What stuck out about each of those times was how free-spirited and innocent she had seemed then. Now, some of that shine had dulled. The innocence had faded.

“You know why you keep showing up,” she said, pushing past me and making her way toward the kitchen. “It’s fine if you’ve forgotten. It’s fine if you don’t care, but just know that I’m not stupid enough to forget.”

She grabbed a towel from the counter and began angrily scrubbing at the surface. As far as she was concerned, she’d dismissed me.

“You can go now. I’m sorry I bothered you, Jack.”

“Claire,” I began, scrubbing my face when all that fire left me without a damn word to say.

“Lock the door behind you when you leave.”

She tossed the towel back onto the counter, the fabric slapping the surface with the force of the motion. And then she marched back through the hallway and disappeared into her bedroom, the door slamming behind her.

* * *

Shep’sBar and Grill lay on the outskirts of Mystic Springs on Highway 198. It was a forgettable little dive with a bland, stucco exterior. One dirty plate-glass window looked out onto the highway, a bright neon Budweiser sign winking at those who drove by. It was the kind of place where everyone knew your name. Usually, your name was something akin to “asshole” or “hey, motherfucker.”

I didn’t want to go back home.
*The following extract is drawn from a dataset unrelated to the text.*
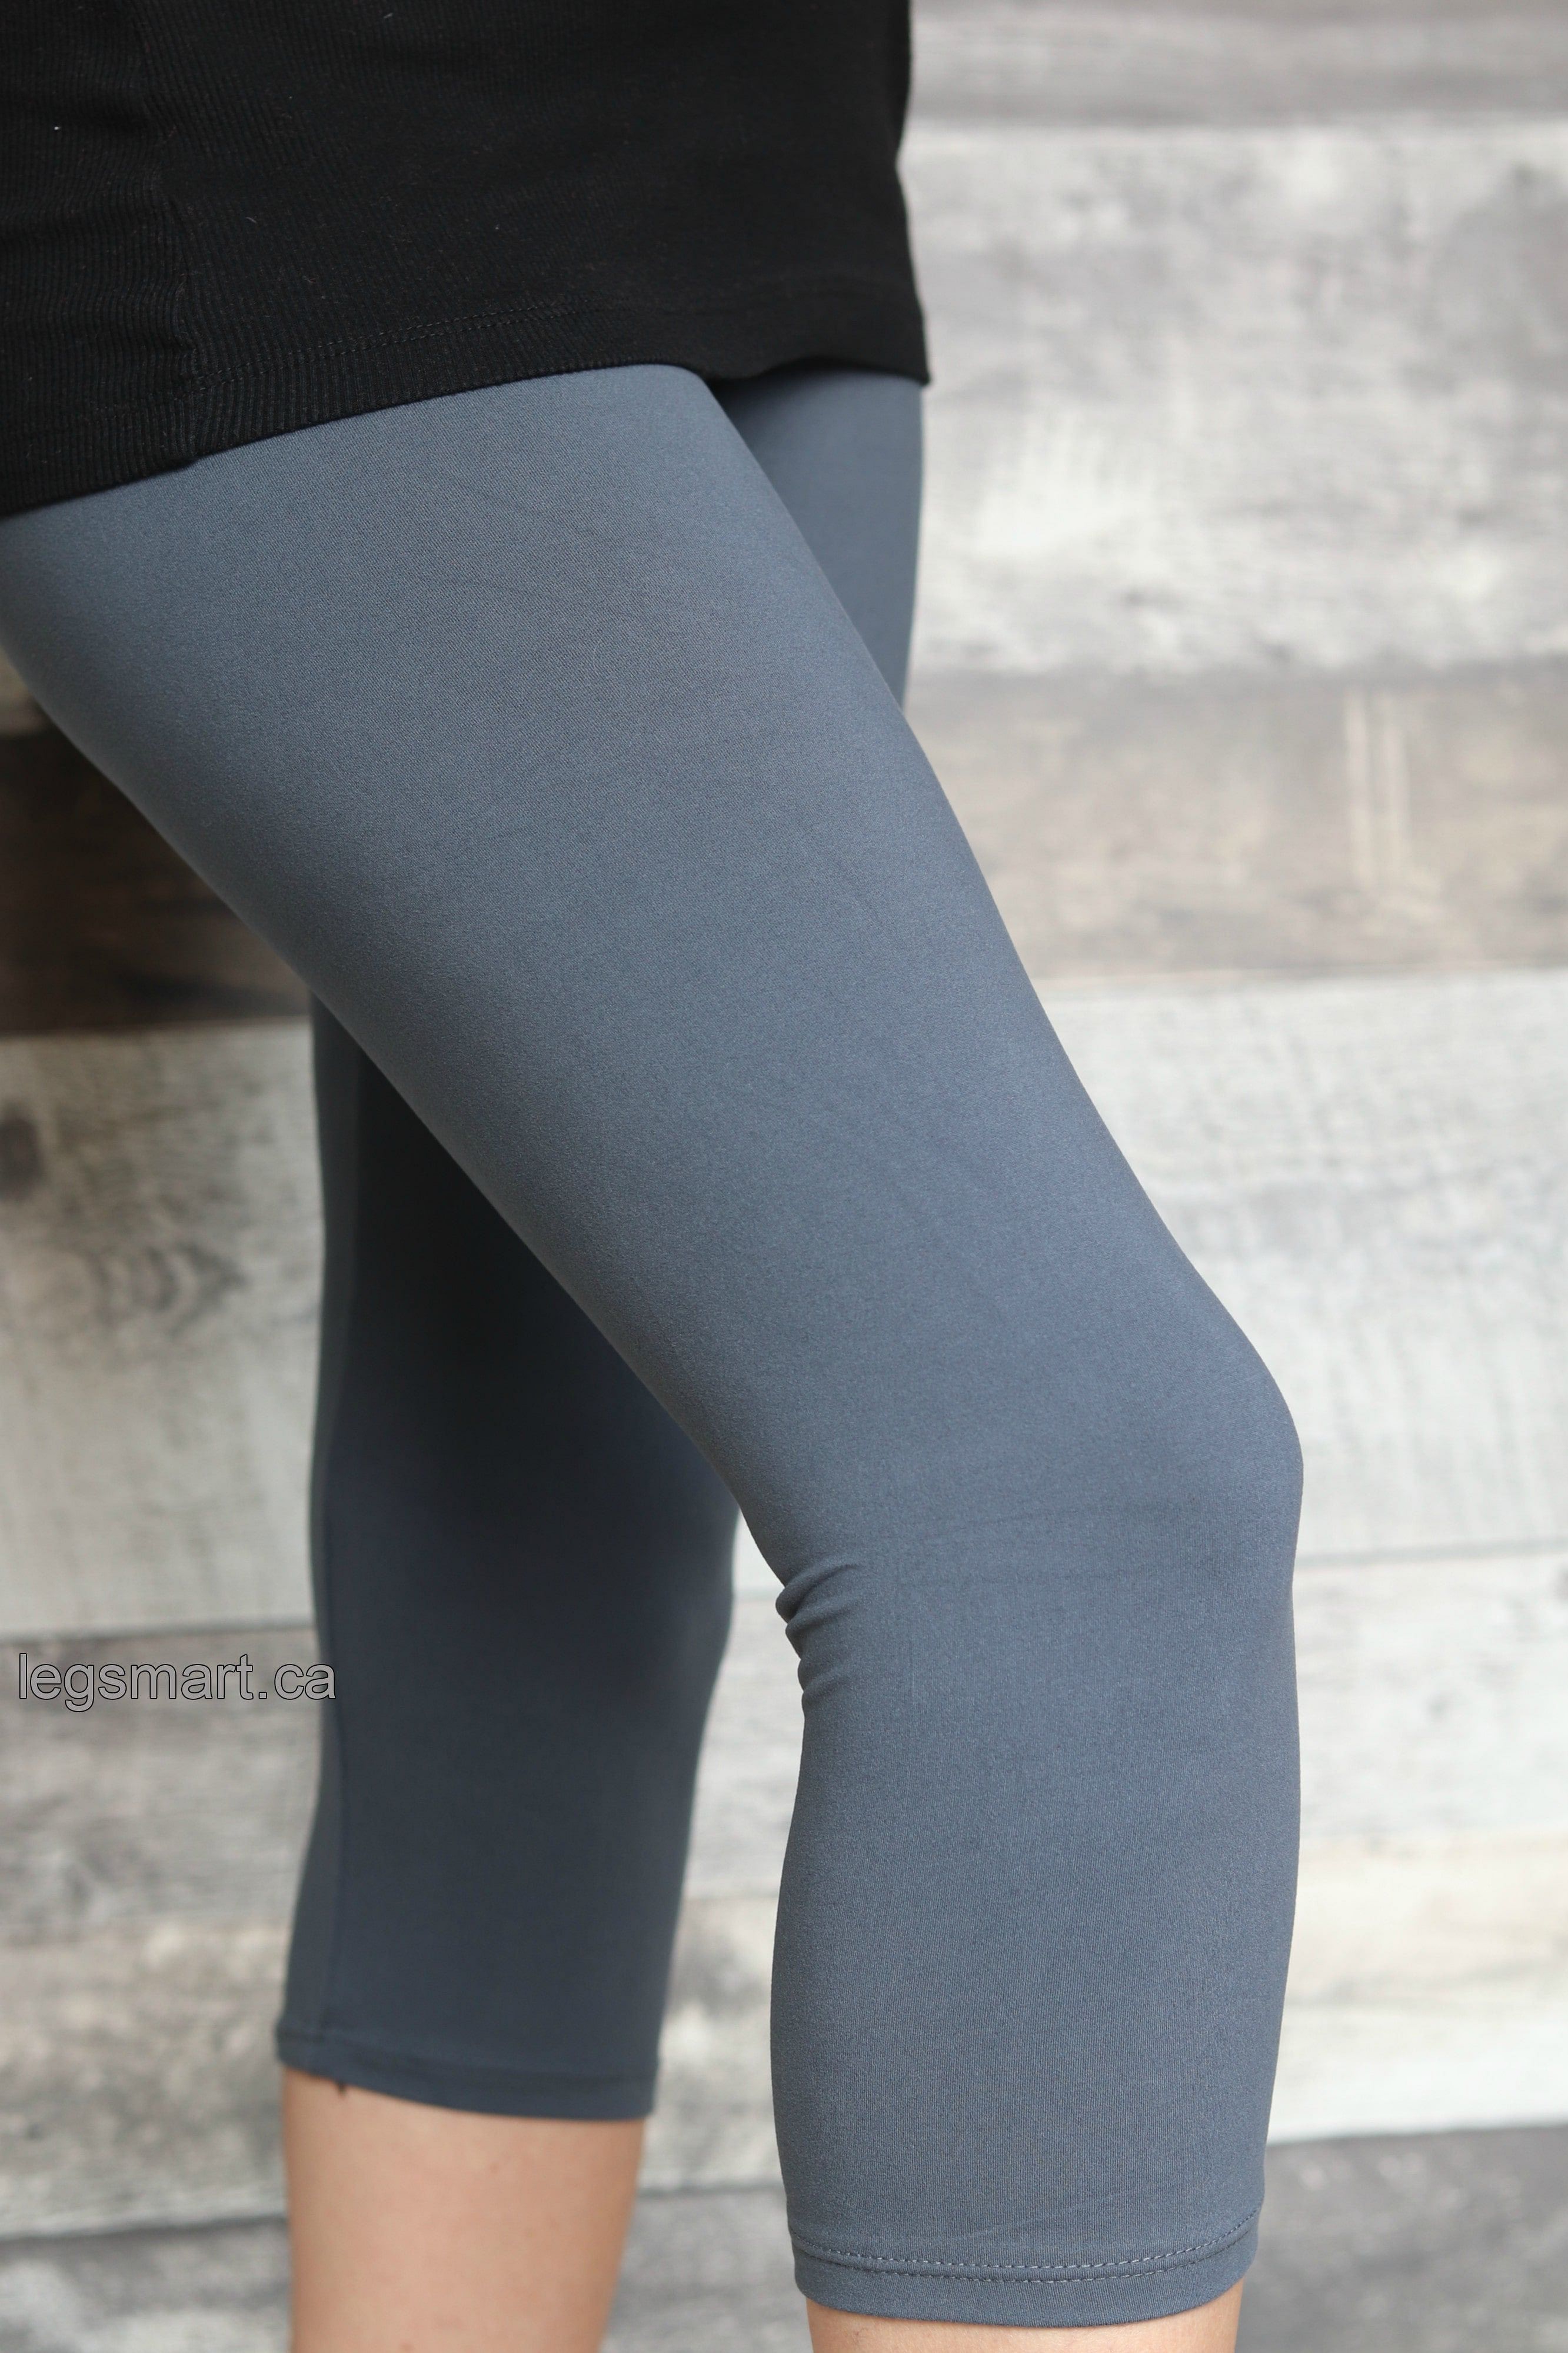 Solid Coloured Leggings - Yoga Band – Leg Smart

Didn’t want to go home and jerk off until I passed out as I usually did whenever I had been near Claire.

If I’d been a lesser warlock made of weaker stuff, I would have said ‘fuck it’ long ago and mated her. Made her mine. Not worried about whether she hated me later.

But none of this had been done with her consent. It wasn’t fair that she’d had her choice taken away from her by a drug crudely injected into her neck. She deserved that sweet moment when the reality that she’d finally found her mate came over her like a rush of warmth. Not a fake bond that happened in a smelly, dirty cabin as two men lay dead and stinking on the floor. Two men who had abducted her with the intent of one of them raping her and binding her forever.

My “bond” with Claire had been an unintentional side effect of my finding her just when she needed someone the most. That one moment had stolen her natural presentation for her true mate. I’d merely been the wrong warlock at the right time.

Claire Landon deserved far better than that. Far better than me.

The inside of the bar was dark and smoky. Nobody bothered to remind the proprietors that smoking indoors had been illegal for decades. Just like nobody bothered to comment on the fact that a cop was sitting down at a rickety old table and about to get shitfaced. No one here would ask whether I was on duty because no one gave a good godsdamn.

It was exactly the type of place I was looking for.

The waitress who handed me my draft gave me a wink and sauntered away. I grunted a “thank you” when she was out of earshot, too bogged down in my thoughts to realize our interactions weren’t in sync.

“You look utterly morose,” a deep, British voice said, interrupting my navel-gazing. “Personally, I think it’s a terrible look on you. But you’ve got at least three little human females at the bar wondering if they can be the ones to turn that miserable frown upside down.”

Sebastian Cavanaugh took a seat across from me without an invitation. The man was always tailored to perfection. Though I didn’t know how old the warlock was, I suspected we were fairly close in age. His accent suggested we’d shared similar roots. But while mine had been slowly wrenched out of me by years of living in the States, his British accent had seemed to only become more refined.

“How do you know they’re looking at me, Cavanaugh?” I asked, leaning back in my seat and trying to feign interest in the man before me. “According to the dispatcher back at the station, your British accent is the equivalent of werewolf smut and firefighter calendars.”